Nothing can be clearer than the terms of the limiting section.
It begins by declaring that every claim cognizable by the court "shall be forever barred" unless the petition "shall be filed within six years after the claim first accrued." Then follows the proviso naming the disabilities which shall arrest the running of the statute, and either of which shall give three years for the filing of the petition "after the disability has ceased." Finally, it is enacted that "no other disability shall prevent any claim from being barred, nor shall any of said disabilities operate cumulatively."
It is not claimed that any of the disabilities named affected either of the appellants.
In the early part of April, 1862, New Orleans was captured by the naval forces of the United States under the command of Admiral Farragut. On the 1st of May following, the national military forces under the command of General Butler took possession of the city. It was never afterwards in possession of the insurgents. Desmare v. United States, 93 U. S. 605 . The appellants resided there. It is a part of the public history of the country, of which we are bound to take judicial notice, that from the time last mentioned communication between that place and the seat of the national government was constant and uninterrupted.
In the case just referred to, this Court said:
"Upon the issuing of General Butler's proclamation, the legal status of New
Orleans and its inhabitants with respect to the United States became changed.
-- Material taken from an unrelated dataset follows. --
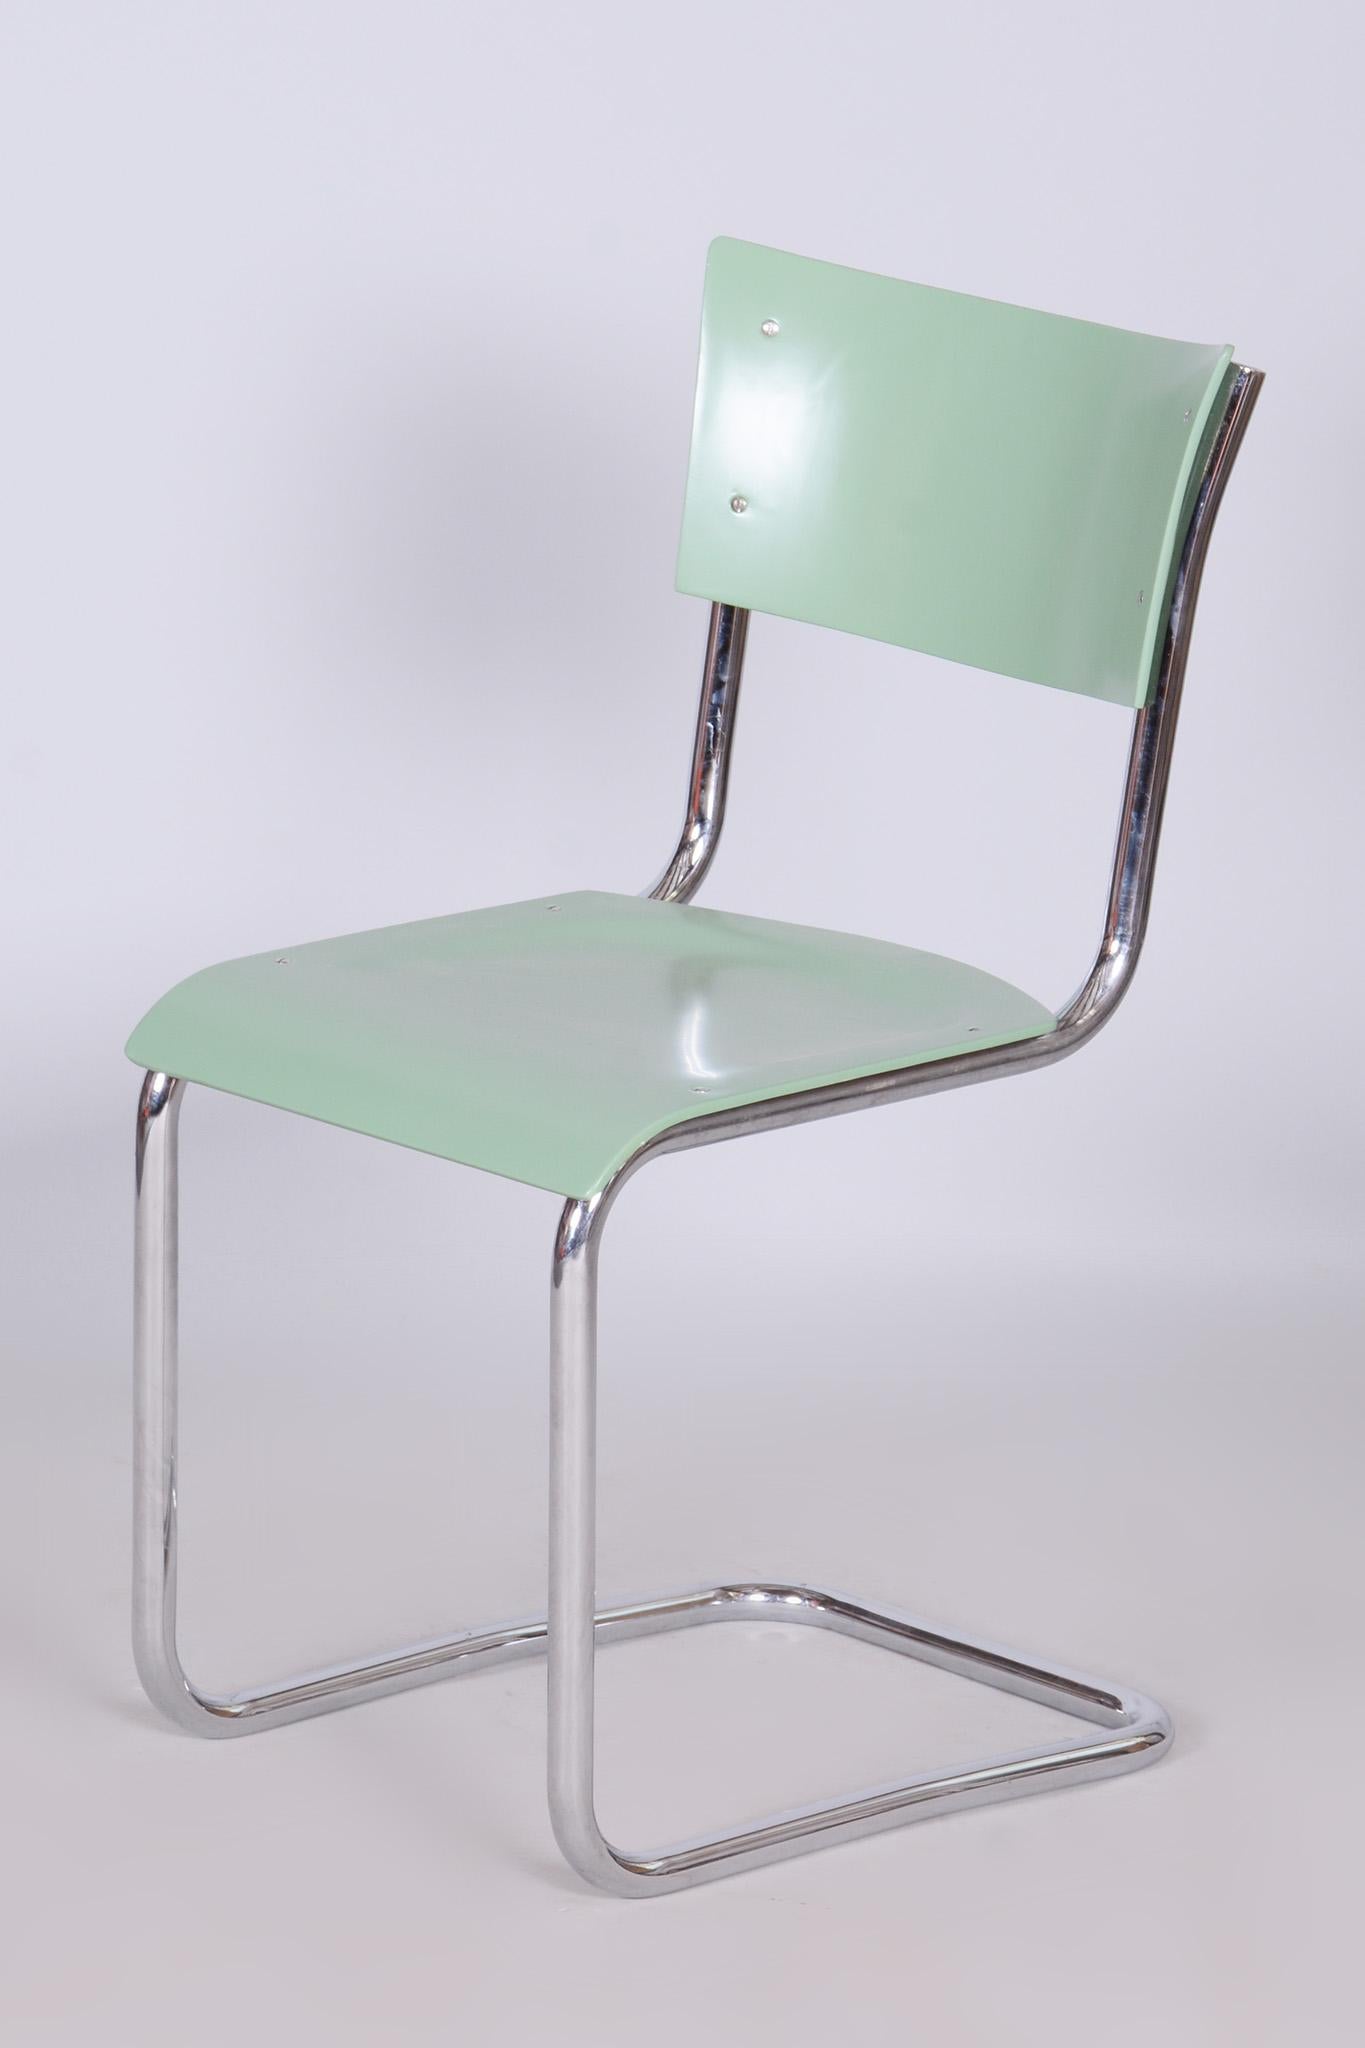 Bauhaus Writing Desk and Chair, Thonet, Chrome-Plated Steel, Czechia, 1930s For Sale 5
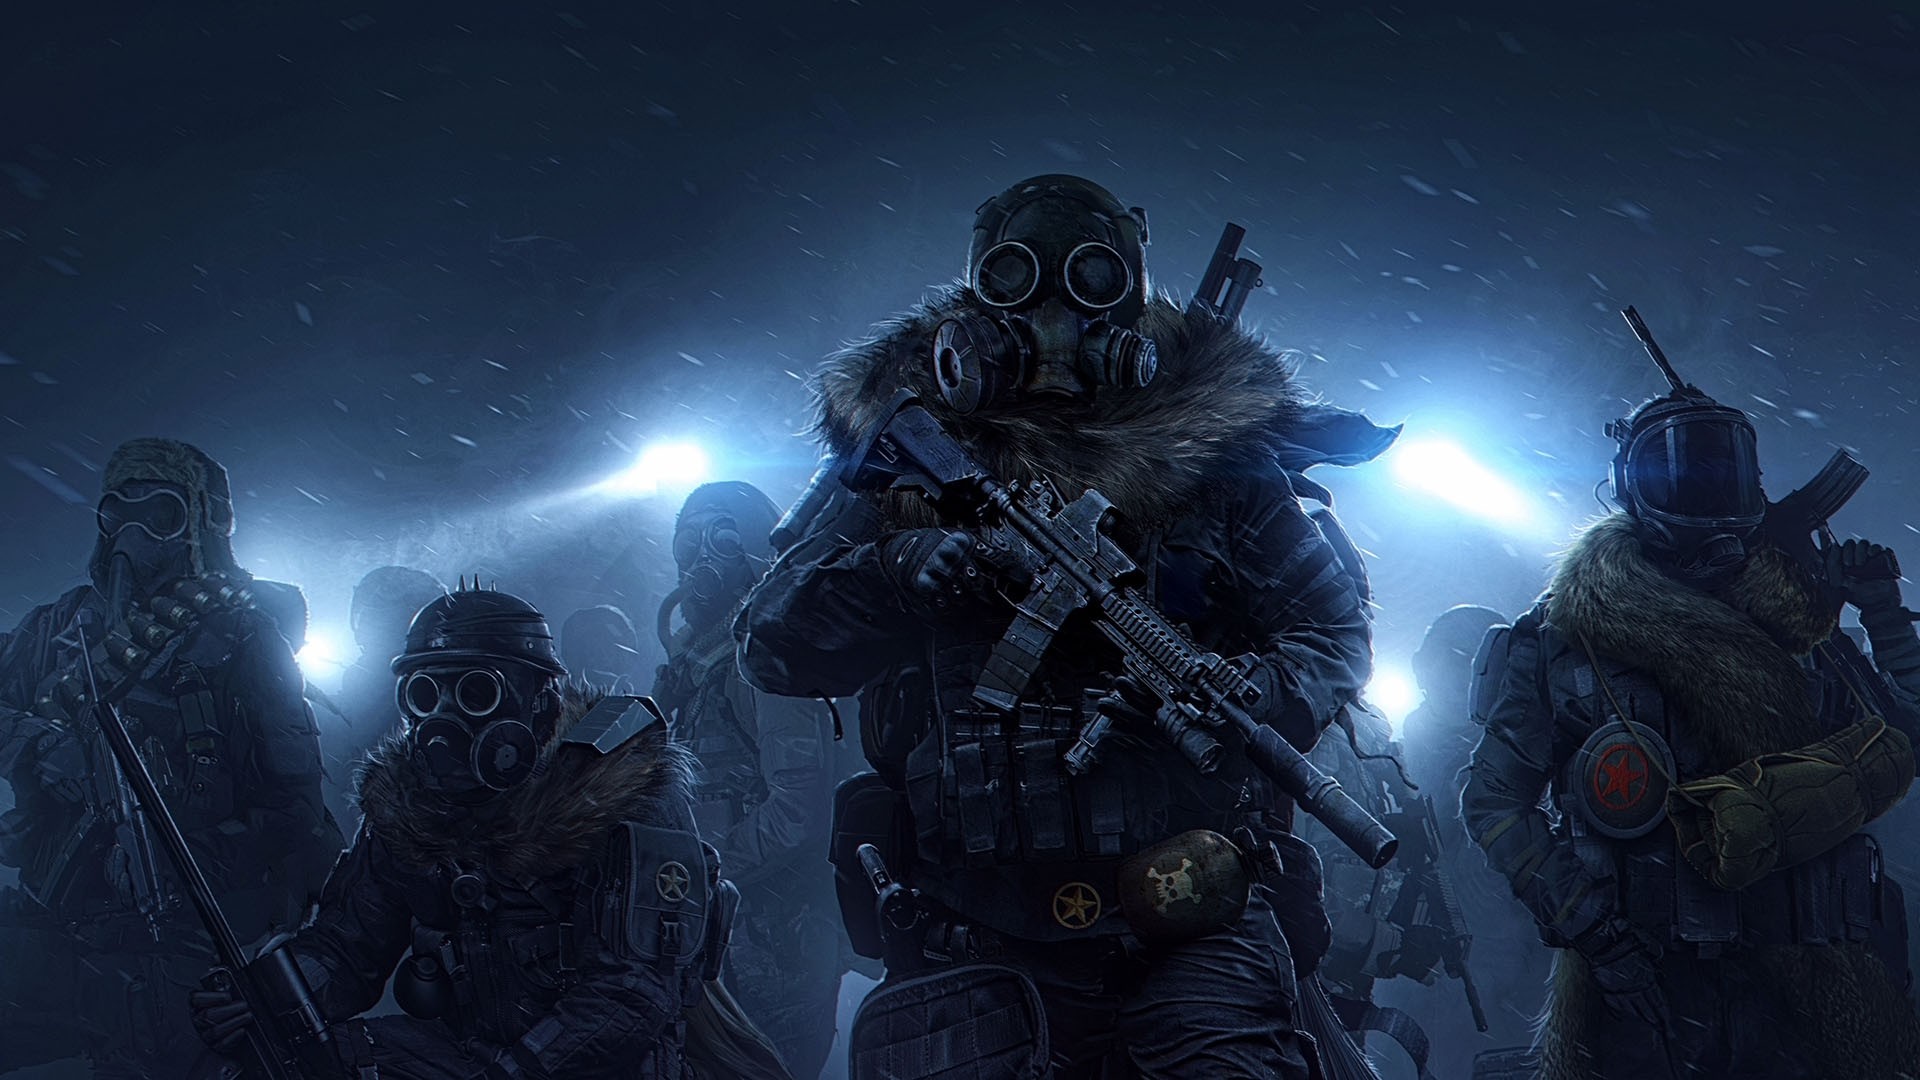 Preview: Wasteland 3 - Some of the Best Tactical Combat Available

Before that time, the former was enemy territory and the latter were enemies. . . . General Butler's proclamation was proof of the subjugation of the city and the reestablishment of the national authority. The hostile character of the territory thereupon ceased and the process of rehabilitation began. The inhabitants were at once permitted to resume, under the regulations prescribed, their wonted commerce with other places, as if the state had not belonged to the rebel organization. The Venice, 2 Wall. 258. But they were clothed with new duties, as well as new rights."
The cotton was shipped to New York in August, 1865, and there sold, and the proceeds paid into the Treasury of the United States. The claim then first accrued. The petition was filed on the 27th of March, 1872. This was at least six months in excess of the six years limited by the statute.
During all this period, the appellants could easily have put the proper machinery of the law in motion. The delay is unaccounted for.
The supplementary briefs filed by the parties since the argument at the bar do not, we think, call for any special remarks.
The case is clearly within the bar of the statute, and we are constrained to hold accordingly.